Los trabajadores revolucionarios del USPD, que engrosaron después las filas del Partido Comunista Alemán, convirtieron a "Karl y a Rosa" en un símbolo del martirio, mucho más poderoso que lo que esos dos dirigentes habían representado en vida. Pero esa radicalización no se plasmó en las urnas. Las primeras elecciones democráticas que siguieron a esos dos meses decisivos en la historia de Alemania, celebradas tan sólo cuatro días después de los asesinatos de Luxemburgo y Liebknecht, parecían dar la razón a la política de Ebert de resistencia al cambio revolucionario y de no gobernar contra la voluntad de la mayoría. El SPD mantuvo su posición dominante con el 38 % de los votos, mientras que el USPD obtuvo sólo el 7,6 %. El 6 de febrero la Asamblea Nacional se reunió en Weimar, la ciudad elegida para proteger el poder legislativo de los enfrentamientos y protestas tan habituales en Berlín. Friedrich Ebert fue elegido el primer presidente de la República, quien encargó a Philipp Scheidemann formar Gobierno.

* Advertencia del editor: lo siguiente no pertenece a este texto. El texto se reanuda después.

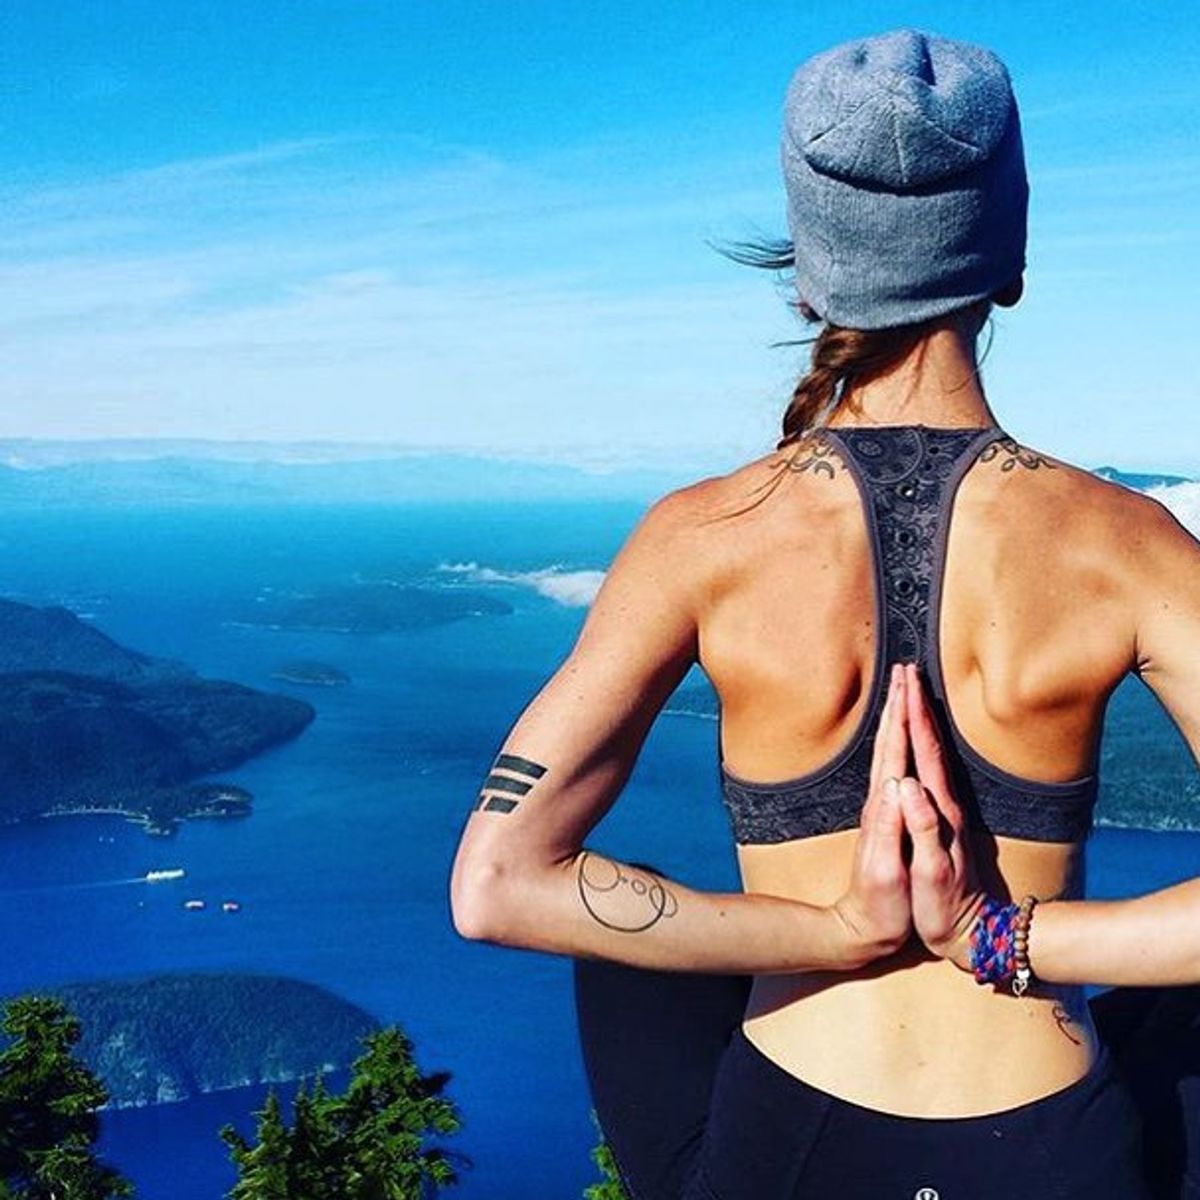 11 Thoughts That Go Through My Mind During Hot Yoga
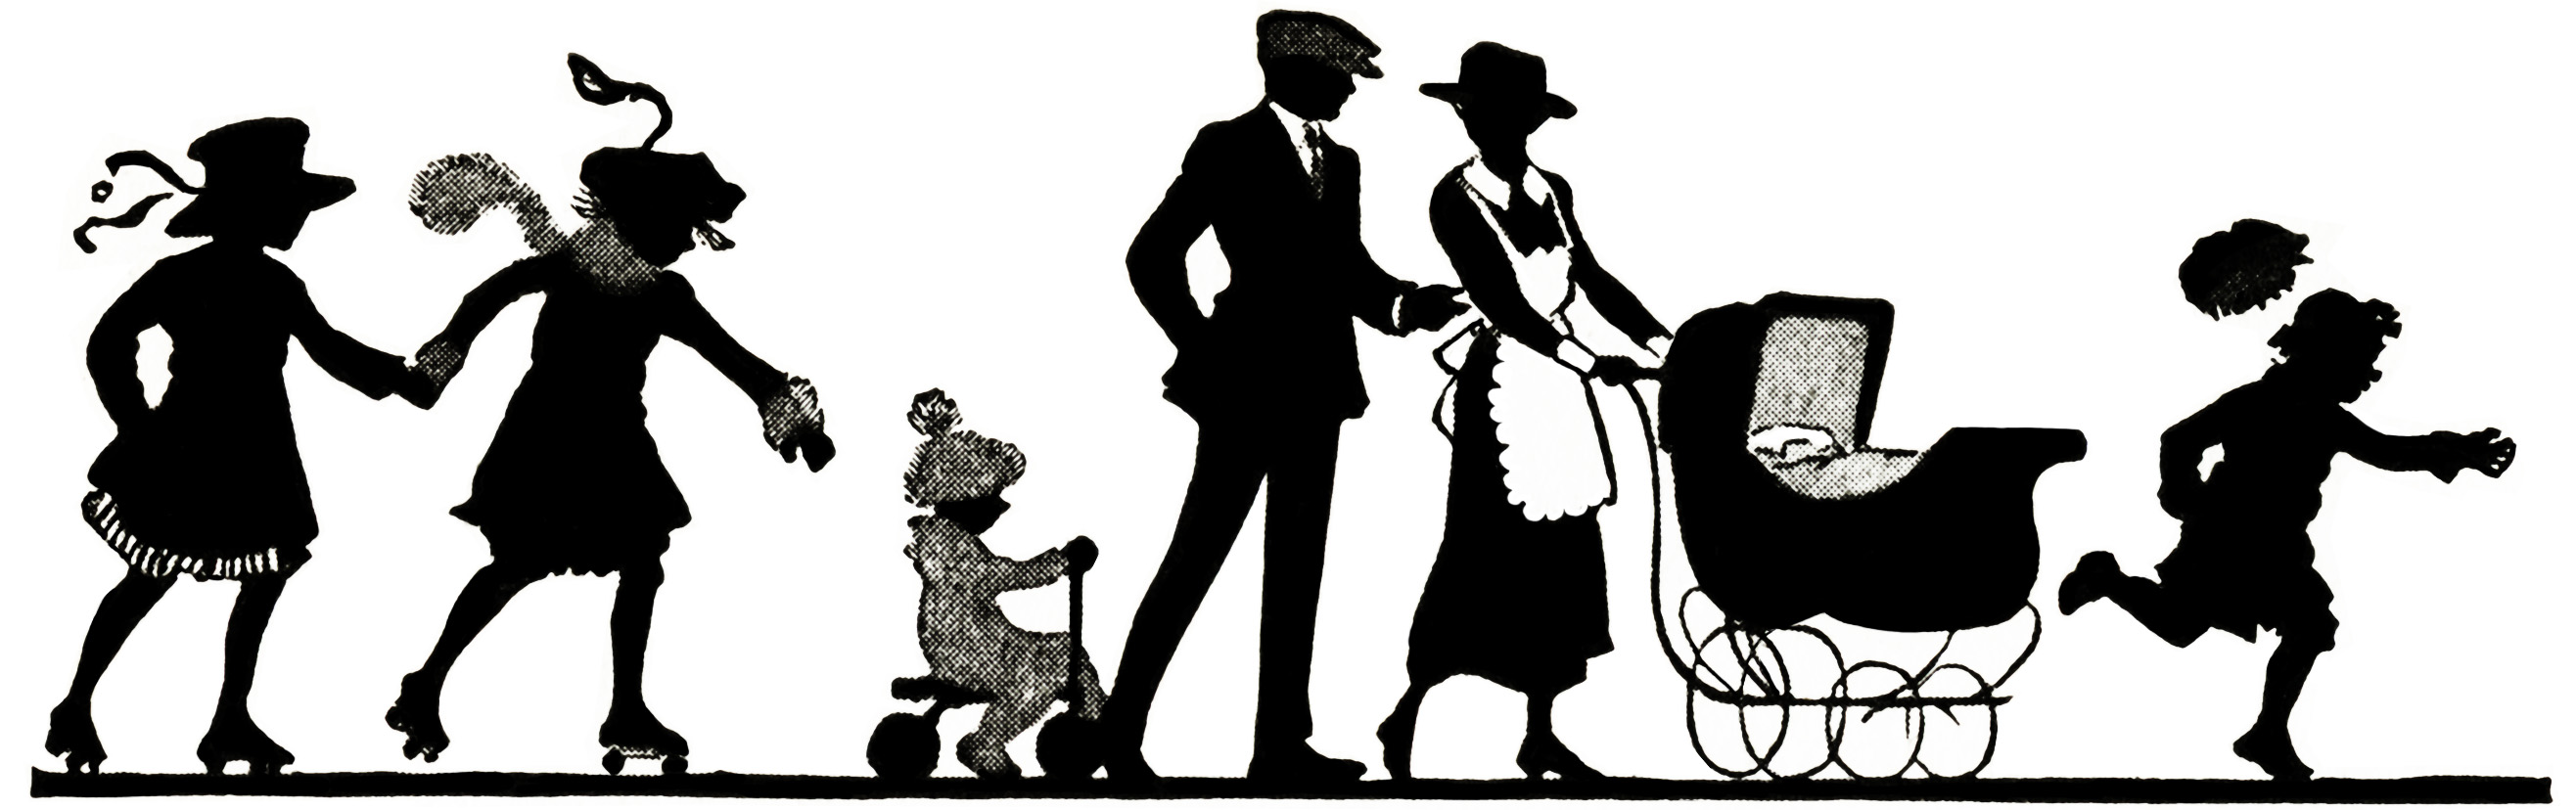 Free Vintage Clipart Family Stroll Silhouette | Old Design Shop Blog

Las élites dominantes del imperio consiguieron en esos dos meses conservar importantes resortes del poder militar, judicial y burocrático, y desde esas posiciones intentarían anular en el futuro todas las concesiones que se vieron obligadas a hacer tras la quiebra del orden monárquico. Esa República parlamentaria y burguesa proporcionaría un escenario abierto para la democracia que conviene poner en perspectiva frente al potencial autoritario de la sociedad alemana y no sólo a la luz del fracaso de reformas radicales. La ruptura completa con el pasado, como había ocurrido en Rusia, no fue posible en un país que disponía de poderosas fuerzas contrarrevolucionarias, armadas y económicas, que serían las que acabarían con la democracia 14 años después. Nacida de la guerra, esa República vivió siempre con la pesada carga de suceder a un imperio derrotado y con el trauma de la represión sangrienta de la revolución.

Julián Casanova es catedrático de Historia Contemporánea en la Universidad de Zaragoza.